On Friday 5th June, Israeli soldiers opened fire on a car in the occupied West Bank, killing Sam Fahd Abu Haykal; he was just seven months old.

The attack happened near the city of Hebron. Located 19 miles south of Jerusalem, Hebron – one of the oldest continuously inhabited cities in the Levant – has been an epicentre for violence between Israelis and Palestinians for generations.

It was there in 1994 that religious extremist Baruch Goldstein entered a mosque and opened fire on Palestinians worshipping during the month of Ramadan, killing 29 people. Goldstein died during the attack, but his actions struck a chord with a then-17-year-old Itamar Ben-Gvir.

Ben-Gvir reportedly took his future wife to Goldstein’s grave on their first date. Until 2021, he displayed Goldstein’s portrait in his home, only removing it on the advice of campaign strategists.

A year later, Ben-Gvir became Israel’s National Security Minister, a position he still holds today. The soldiers who killed seven-month-old Sam Fahd Abu Haykal would have been under Ben-Gvir’s leadership.

Last month, Ben-Gvir drew international condemnation for taunting activists from the Global Sumud Flotilla as they knelt with their hands tied behind their backs. The country’s own Foreign Minister, Gideon Sa’ar, warned his counterpart that he was not the face of Israel. Sadly, for many, that is exactly who he is.

Because no matter where you look in Israel’s 37th government, Ben-Gvir’s extremist ideology permeates.
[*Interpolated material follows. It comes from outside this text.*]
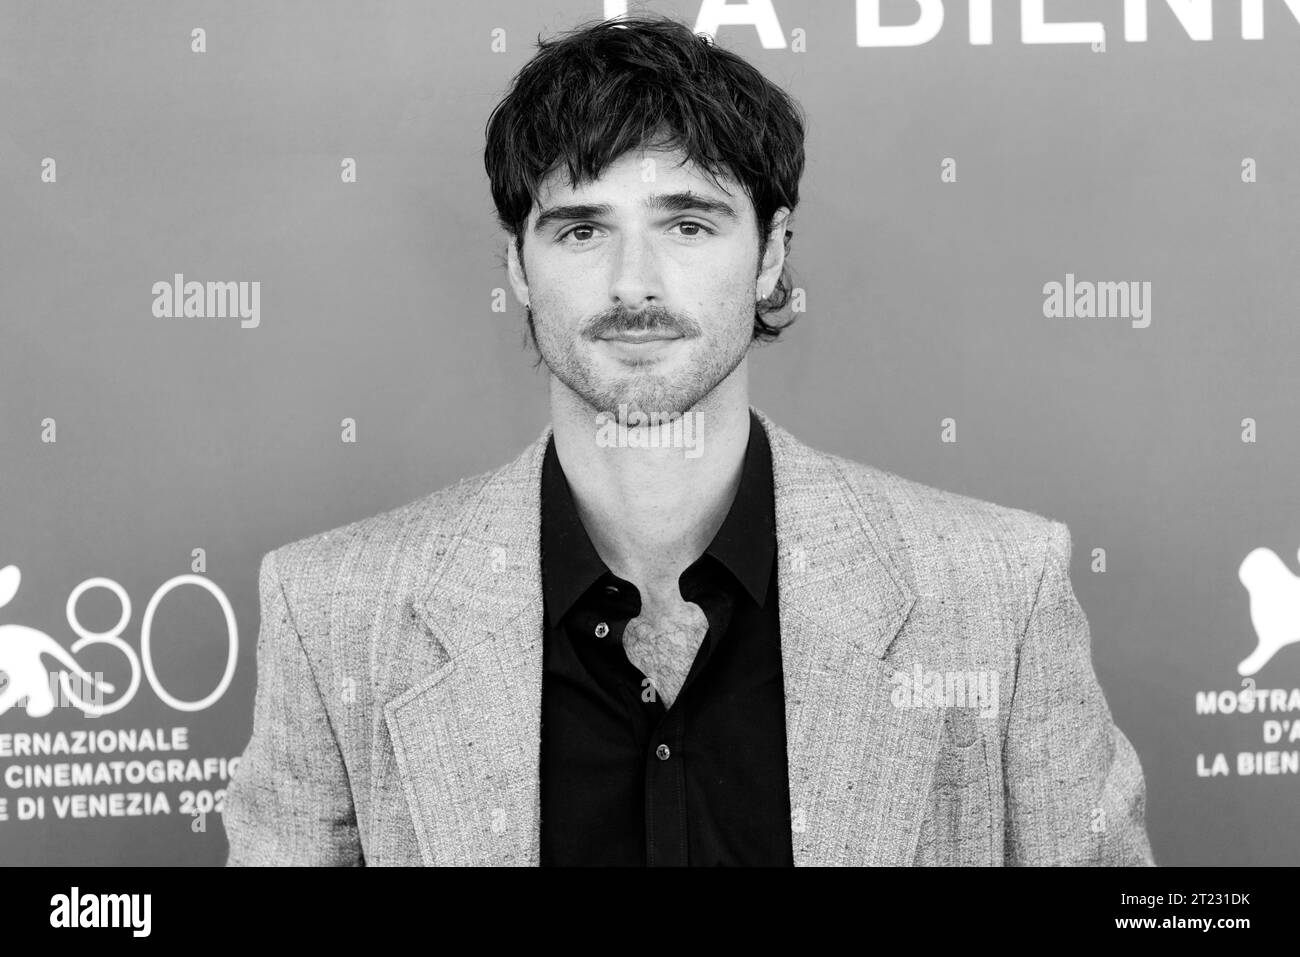 VENICE, ITALY - SEPTEMBER 04: Jacob Elordi attends the photo-call for the movie 'Priscilla' at the 80th Venice International Film Festival on Septembe Stock Photo

Nowhere is this truer than in their approach to illegal settler expansion in the West Bank.

While, in truth, no Israeli government since its 1967 occupation of the West Bank has done anything to stem the proliferation of illegal settlements, annexation has become an explicit policy objective under the current regime.

Within its first three years of rule, the Ministry of Settlement and National Missions’ annual budget grew by 122%. Alongside this came money for unauthorised outposts and direct funding for organisations involved in dispossessing Palestinians of their land.

This increased financial backing has triggered an unprecedented surge in settlement construction and settler violence, which often occurs with tacit or active police and army support. In fact, Ben-Gvir – who himself is a settler – reportedly instructed senior police officers in the West Bank to refrain from enforcing the law against settlers and right-wing groups committing offences against Palestinians.

Against this backdrop it is unsurprising that Amnesty International recently concluded that the Israeli government is engaged in the ‘ethnic cleansing’ of Palestinians from the West Bank.

Given these settlements are illegal under international law, you would hope the escalating crisis in the West Bank would provoke a robust response from our government; hope being the key word here.

Because while last week the government announced further sanctions on firms and individuals involved in the settler movement, the Foreign Secretary stopped short of banning trade with illegal settlements full stop.

This is the fourth sanctions package of a piecemeal strategy that has delivered zero results. How can the government not see that sanctioning a few organisations here and there will do nothing when this activity is happening with the consent, support, and financing of the Israeli government?

Until the government takes the kind of action Israel will actually notice – starting with sanctions against Netanyahu – the plight of Palestinians in the West Bank will only worsen.